Note that I am now using annual maintenance costs of 2% rather than 3%
as in posts during 2011.

The
results for the DeGrussa installation are as follows:

Cost
per peak Watt AUD 3.77/Wp

LCOE AUD 240/MWh

The
components of the LCOE are:

Capital {0.094 × AUD 40×10

^{6}}/{18,947 MWhr} = AUD 198/MWhr
O&M {0.020 × AUD 40×10

^{6}}/{18,947 MWhr} = AUD 42/MWhr
By
way of comparison, LCOE figures (in appropriate currency per MWh) for all
projects I’ve investigated are given below.
The number in brackets is the reference to the blog post, all of which
appear in my index of posts with the title “Cost of solar power ([number])”:

(2) AUD 183 (Nyngan, Australia, PV)

(3) EUR 503 (Olmedilla, Spain, PV, 2008)

(3) EUR 188 (Andasol I, Spain, trough, 2009)

(4) AUD 236 (Greenough, Australia, PV)

(5) AUD 397 (Solar Oasis, Australia, dish,
2014?)

(6) USD 163 (Lazio, Italy, PV)

(7) AUD 271 (Kogan Creek, Australia, CLFR
pre-heat, 2012?)

(8) USD 228 (New Mexico, CdTe thin film PV,
2011)

(9) EUR 200 (Ibersol, Spain, trough, 2011)

(10) USD 231 (Ivanpah, California, tower,
2013?)

(11) CAD 409 (Stardale, Canada, PV, 2012)

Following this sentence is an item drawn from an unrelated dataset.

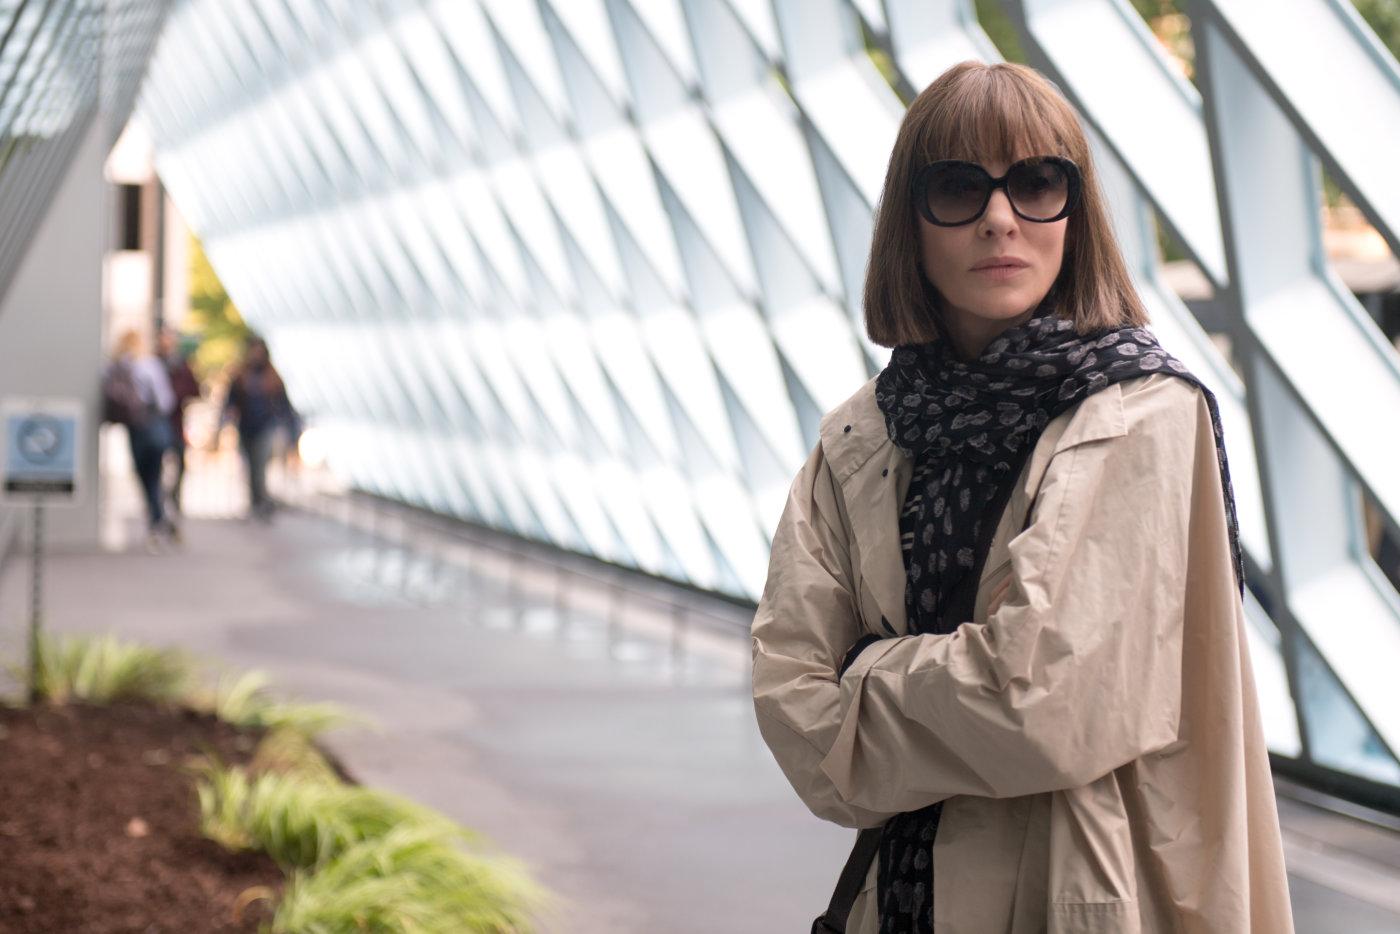 Movie Review: Where'd You Go, Bernadette

(12) USD 290 (Blythe, California, trough,
2012?)

(13) AUD 285 (Solar Dawn, Australia, CLFR,
2013?)

(14) AUD 263 (Moree Solar Farm, Australia,
single-axis PV, 2013?)

(15) EUR 350 (Lieberose, Germany, thin-film PV,
2009)

(16) EUR 300 (Gemasolar, Spain, tower, 2011)

(17) EUR 228 (Meuro, Germany, crystalline PV,
2012)

(18) USD 204 (Crescent Dunes, USA, tower, 2013)

(19) AUD 316 (University of Queensland, fixed
PV, 2011)

(20) EUR 241 (Ait Baha, Morocco, 1-axis solar
thermal, 2012)

(21) EUR 227 (Shivajinagar Sakri, India, PV,
2012)

(22) JPY 36,076 (Kagoshima, Kyushu, Japan, PV,
start July 2012)

(23) AUD 249 (NEXTDC, Port Melbourne, PV, Q2
2012)

(24) USD 319 (Maryland Solar Farm, thin-film
PV, Q4 2012)

(25) EUR 207 (GERO Solarpark, Germany, PV, May
2012)

(26) AUD 259 (Kamberra Winery, Australia, PV,
June 2012)

(27) EUR 105 (Calera y Chozas, PV, Q4 2012)

(28) AUD 205 (Nyngan & Broken Hill, thin
film PV, end 2014?)

(29) AUD 342 (City of Sydney, multiple sites,
PV, 2012)

(30) AUD 281 (Uterne, PV, single-axis tracking,
2011)

(31) JPY 31,448 (Oita, PV?, Japan, to open
March 2014)

(32) USD 342 (Shams, Abu Dhabi, trough, to open
early 2013)

(34) USD 272 (Daggett, California, designed
2010)

(35) GBP 148 (Wymeswold, UK, PV, March 2013)

(36) USD 139 (South Georgia, PV, June 2014)

(37) USD 169 (Antelope Valley, CdTe PV, end
2015)

(38) AUD 137 (Mugga Lane, PV, mid 2014)

(39) AUD 163 (Coree, fixed PV, Feb 2015)

(40) AUD 298 (Ferngrove Winery, PV, July 2013)

(41) USD 125 (Cerro Dominador, CST, mid 2017)

(42) USD 190 (La Paz, PV, September 2013)

(43) USD 152 (Austin Energy, PV, 2016)

(44) AUD 304 (Weipa, PV, January 2015)

(45) AUD 256 (Kalgoorlie-Boulder, PV, August
2014)

(46) AUD 141 (new Moree Solar Farm, PV,
one-axis tracking, December 2015)

(47) AUD 184 (Brookfarm, PV, December 2015)

(48) USD 110 (Amanecer, PV, June 2014)

(49) USD 113 (DEWA, PV, April 2016)

(50) USD 284 (Ashalim, solar thermal, 2017)

(51) USD 256 (Xina Solar One, solar thermal,
2017)

(52) AUD 129 (Barcaldine, PV, one-axis, March
2017)

(53) AUD 139 (Nyngan & Broken Hill, fixed
PV, late 2015)

(54) AUD 240 (DeGrussa, PV/batteries, early
2016)

**Conclusion**

On
these numbers, the LCOE for the DeGrussa installation is quite expensive. A solar thermal installation for comparison is
Cerro Dominador, number 41 on the list above.
That has 110 MW peak power output from a heliostat/tower configuration
with dry condensers, 17.5 hours thermal storage in molten salt, and an alleged
Capacity Factor of 95%. I calculated the
LCOE for Cerro Dominador to be USD 125 per MWh (details).

I
calculate the Capacity Factor for DeGrussa to be 18,947/(10.6 × 24 × 365) =
0.204, which is not at all high for a system with one-axis tracking and a good solar resource. With PV panels, the Capacity Factor is not improved by inclusion of storage, which is a major difference to solar thermal power generation with thermal storage.

We
should of course make allowance for the fact that the Australian dollar is
falling, currently at 0.743 USD. Even
so, the estimated LCOE for DeGrussa is perhaps 30% more than I expected.